Está rolando uma polêmica na internet por causa de um site, veiculado na imprensa como inovador, no qual o cliente decide quanto quer pagar por uma marca gráfica. Designers (ou não) postam suas propostas e ele escolhe a que acha melhor, numa espécie de leilão ao contrário (o cliente define o preço e os profissionais disputam os projetos).

Pois as comunidades de design estão cheias de gente espumando de raiva, inconformados com o modelo de negócio. Alegam que design é coisa séria demais para ser vendido num feirão, sem nenhum critério, desvalorizando o conhecimento que o profissional deve ter para fazer um trabalho bem feito.

Bom, vamos analisar primeiro a inovação do serviço.
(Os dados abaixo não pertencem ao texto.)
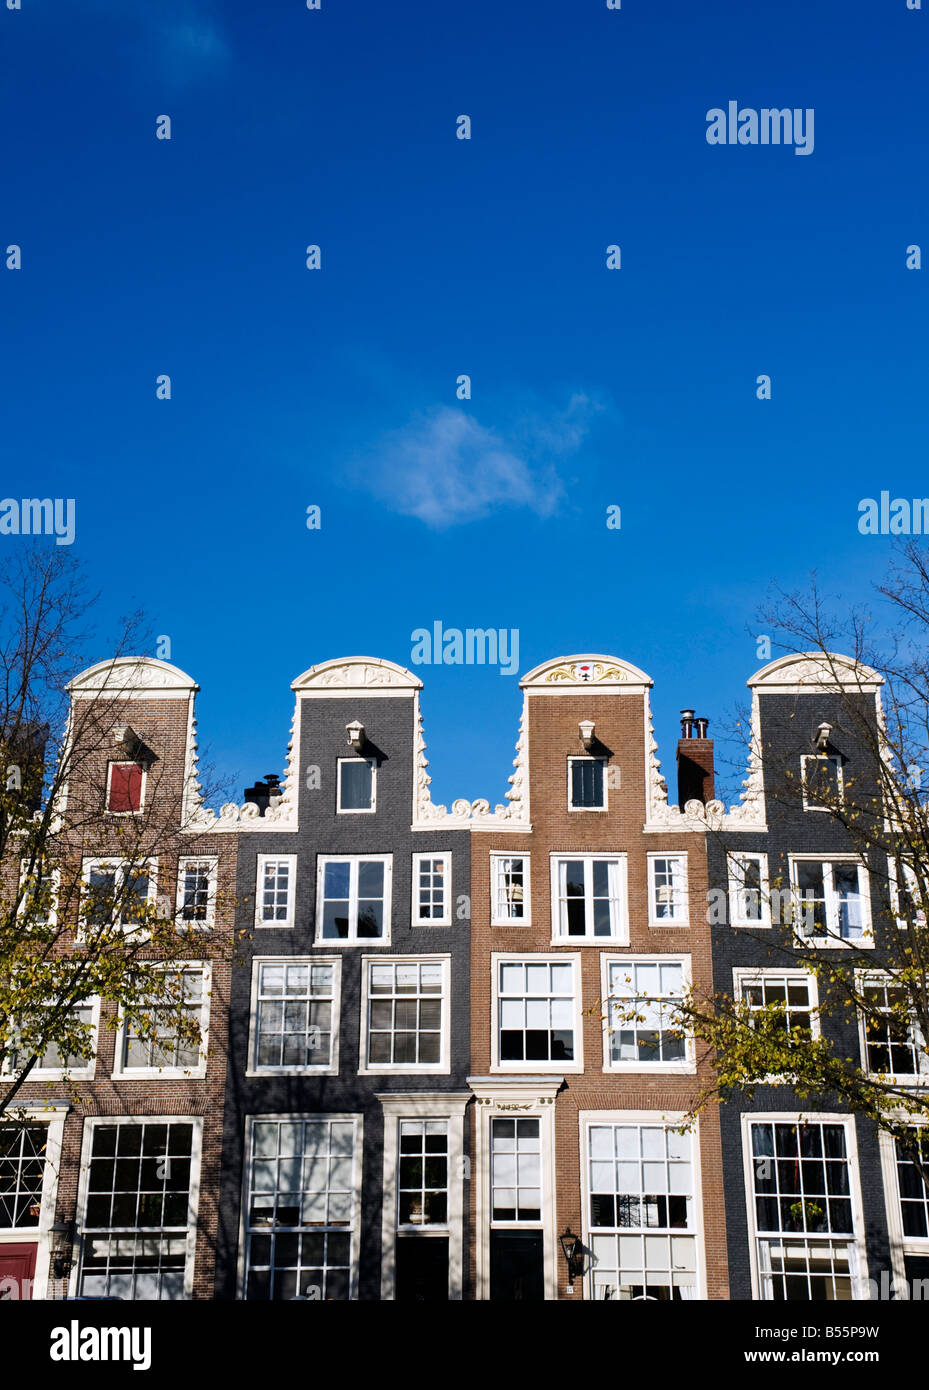 detail of gable roofs on old historic houses in  Amsterdam Netherlands 2008 Stock Photo

Na verdade, o modelo sempre existiu. Não é de agora que o cliente decide quanto quer pagar e o que quer comprar. O que o site fez foi organizar essa forma de trabalho, colocando as partes em contato direto. E, que fique claro, todas as partes envolvidas são maiores de idade e estão lá por livre e espontânea vontade.
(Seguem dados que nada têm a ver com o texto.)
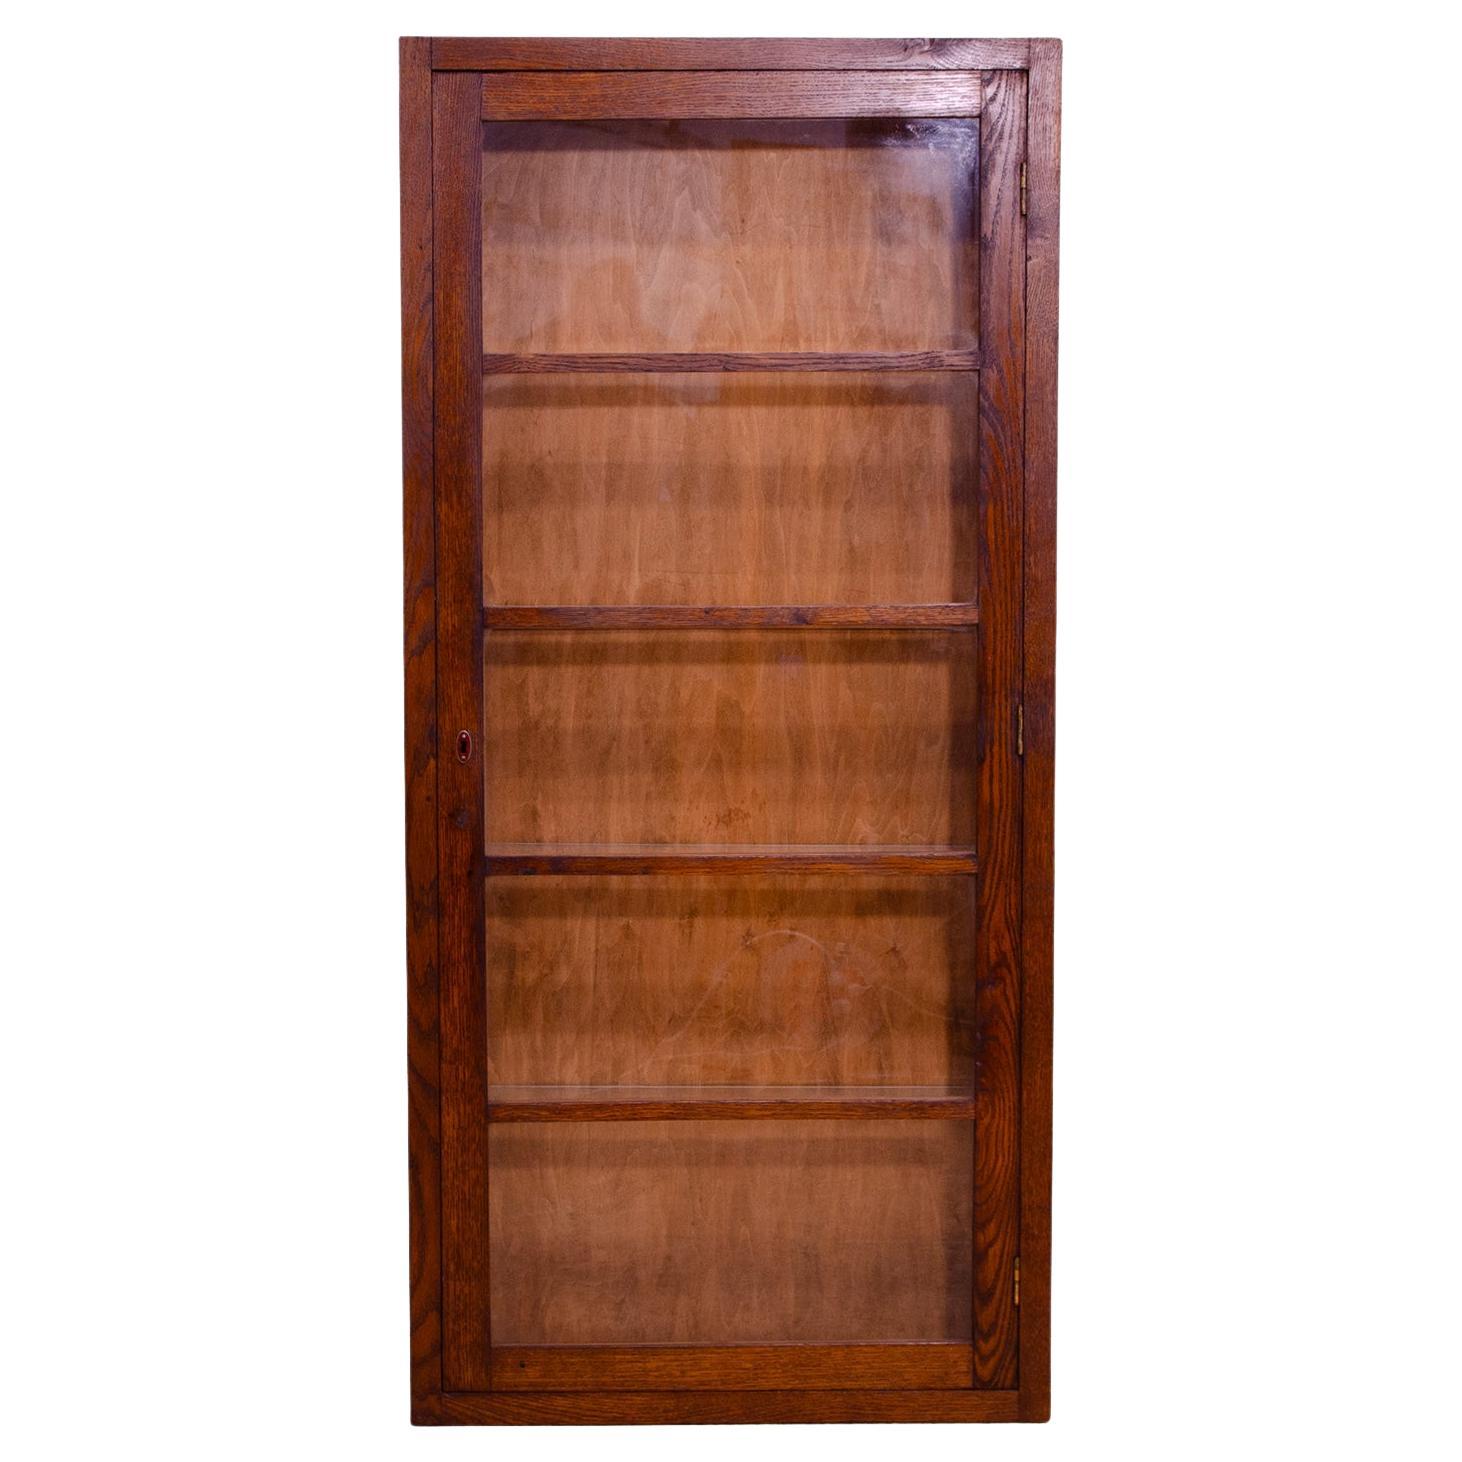 This narrow Functionalism display case was produced in the 1930s in the former Czechoslovakia. Material oak. The showcase is very practical and easy to handle due to its dimensions. It is also suitable as a bookcase, it can be placed in the space.

Muita gente alega que isso é prostituição da profissão. Ok, e daí? O que há de errado com a prostituição? Há prostitutas que fazem ponto na esquina, bem baratinhas, e há as de luxo, que falam línguas e acompanham executivos. De fato, o cliente escolhe o serviço que quer de acordo com o orçamento disponível. Ele paga por aquilo que tem valor para ele. E ponto.

Acompanhei discussões onde alguns profissionais estavam preocupados com banalização do processo de elaboração de marcas gráficas. Ora, se os clientes acham que qualquer um pode fazer uma marca, a culpa é deles? Na minha opinião, a culpa é dos designers mesmo. Se alguém compara duas opções muito diferentes em pé de igualdade, é porque quem fez o trabalho mais elaborado (e caro), não conseguiu deixar clara a diferença. E isso é responsabilidade do designer e de ninguém mais.

Será que as grandes empresas de design estão perdendo o sono por causa desse site? Acredito que não, justamente porque conseguem deixar claro para seus clientes que uma marca gráfica não é só um desenho; há muito trabalho por trás, há estratégia, há planejamento, há conceito. Não pode ser feito por qualquer um, dá mais retorno ao negócio, VALE MAIS. Mas tem muito designer aí que só entrega um desenho mesmo. Então, tem mais é que arrancar os cabelos de preocupação (se é que já não estava careca, pois o mercado está assim selvagem não é de hoje).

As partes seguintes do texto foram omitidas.